Six women and a man were also among those killed in the blast in Kunduz, on the country's northern border with Tajikistan, Rahimi said.
No group has claimed responsibility for the blast. It was also unclear if it was a targeted attack. However, there are regular clashes in the region between the Taliban insurgents and US-backed Afghan forces.
Insurgents attacked the provincial capital, also called Kunduz, in early September, but failed to capture it. The Taliban briefly seized the city in 2015.
The blast comes during what has been a period of relative and uneasy calm, where the rate of large-scale attacks has dropped in recent weeks. The comparative lull followed a blood-stained presidential campaign season that ended with a general election on September 28.

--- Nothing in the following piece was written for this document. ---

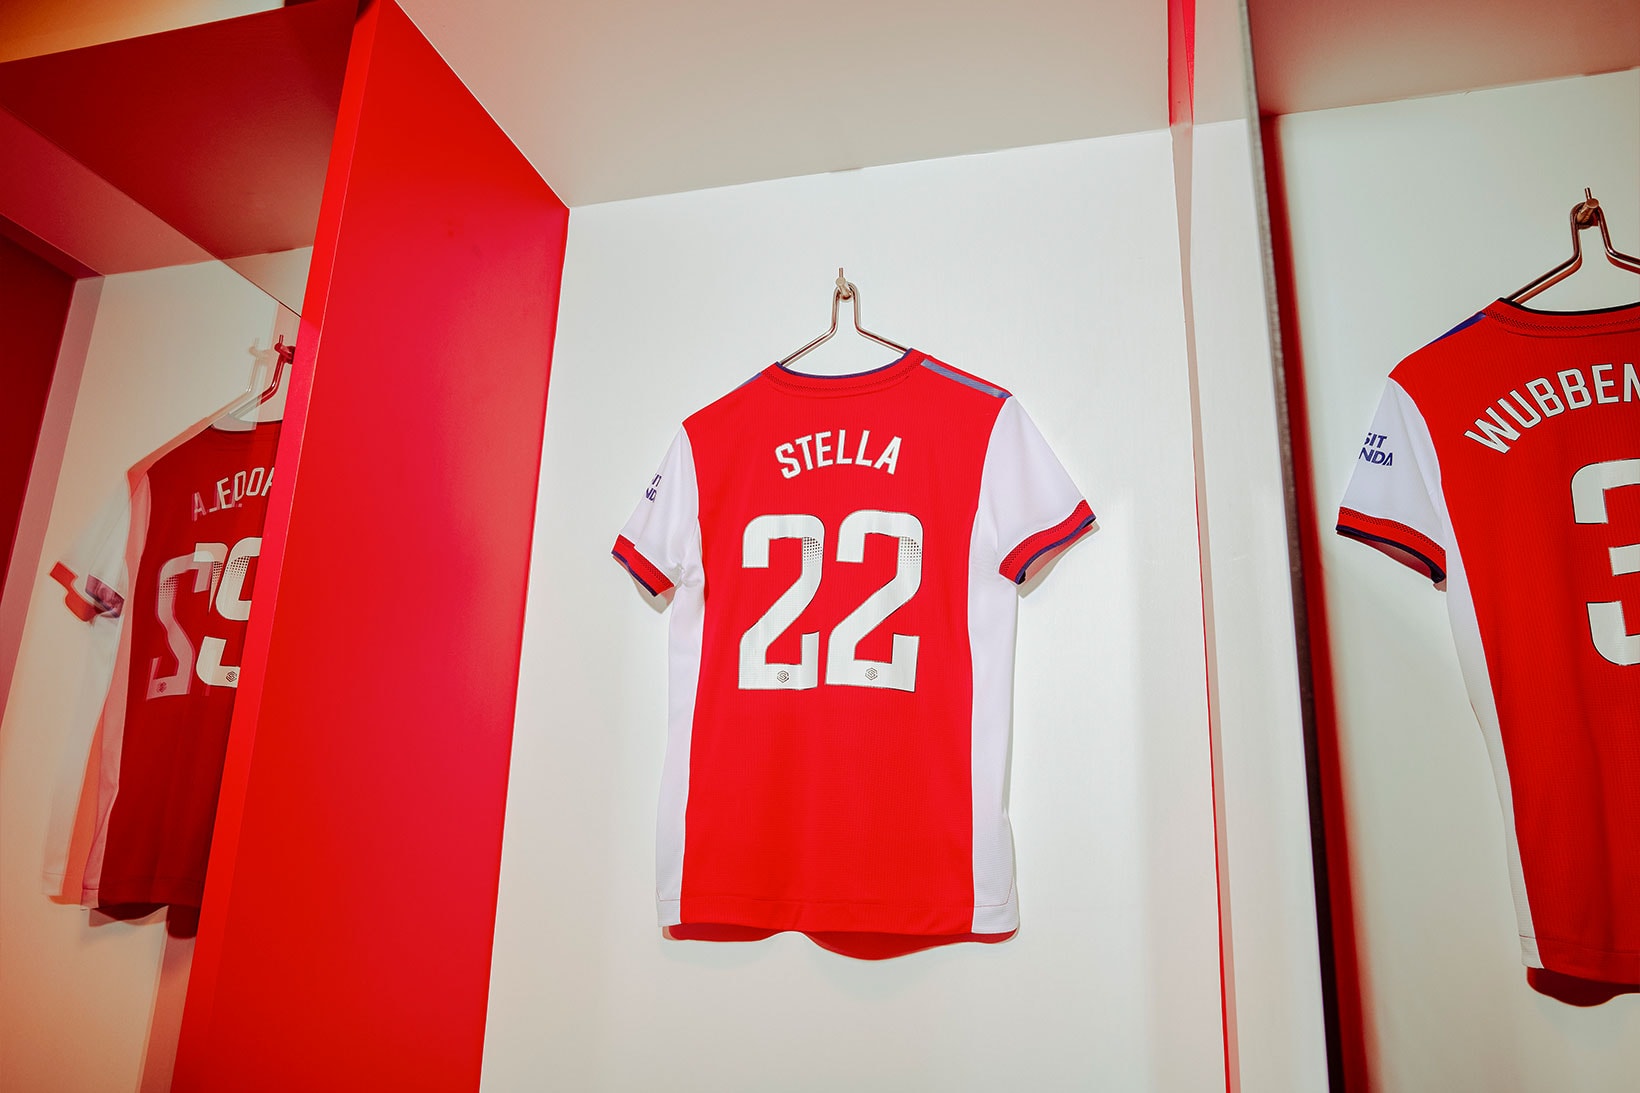 Arsenal x adidas by Stella McCartney Leggings

But Wednesday's blast comes less than a week after a foreign national was killed and at least five other people wounded in a grenade attack on a United Nations vehicle in Kabul on November 24.
The attack happened on a road frequently used by UN traffic shuttling workers between central Kabul and a large UN compound on the outskirts of the capital.
The UN said two other staff members -- one Afghan and one international -- were wounded. Aid agencies and non-governmental groups are sometimes targeted in Afghanistan's war.
In 2011, seven foreign UN workers -- including four Nepalis, a Swede, a Norwegian and a Romanian -- were killed in an attack on a UN compound in the northern city of Mazar-i-Sharif.
Afghans are still waiting for the results of that September 28 presidential election, with a recount bogged down by technical difficulties and bickering between the incumbent, President Ashraf Ghani, and his chief rival, Abdullah Abdullah.
Afghans are also waiting to see what might happen in negotiations between Washington and the Taliban. US President Donald Trump in September ended those yearlong talks as Taliban violence continued, but on November 22 he suggested to US broadcaster Fox News that negotiations could be getting underway again.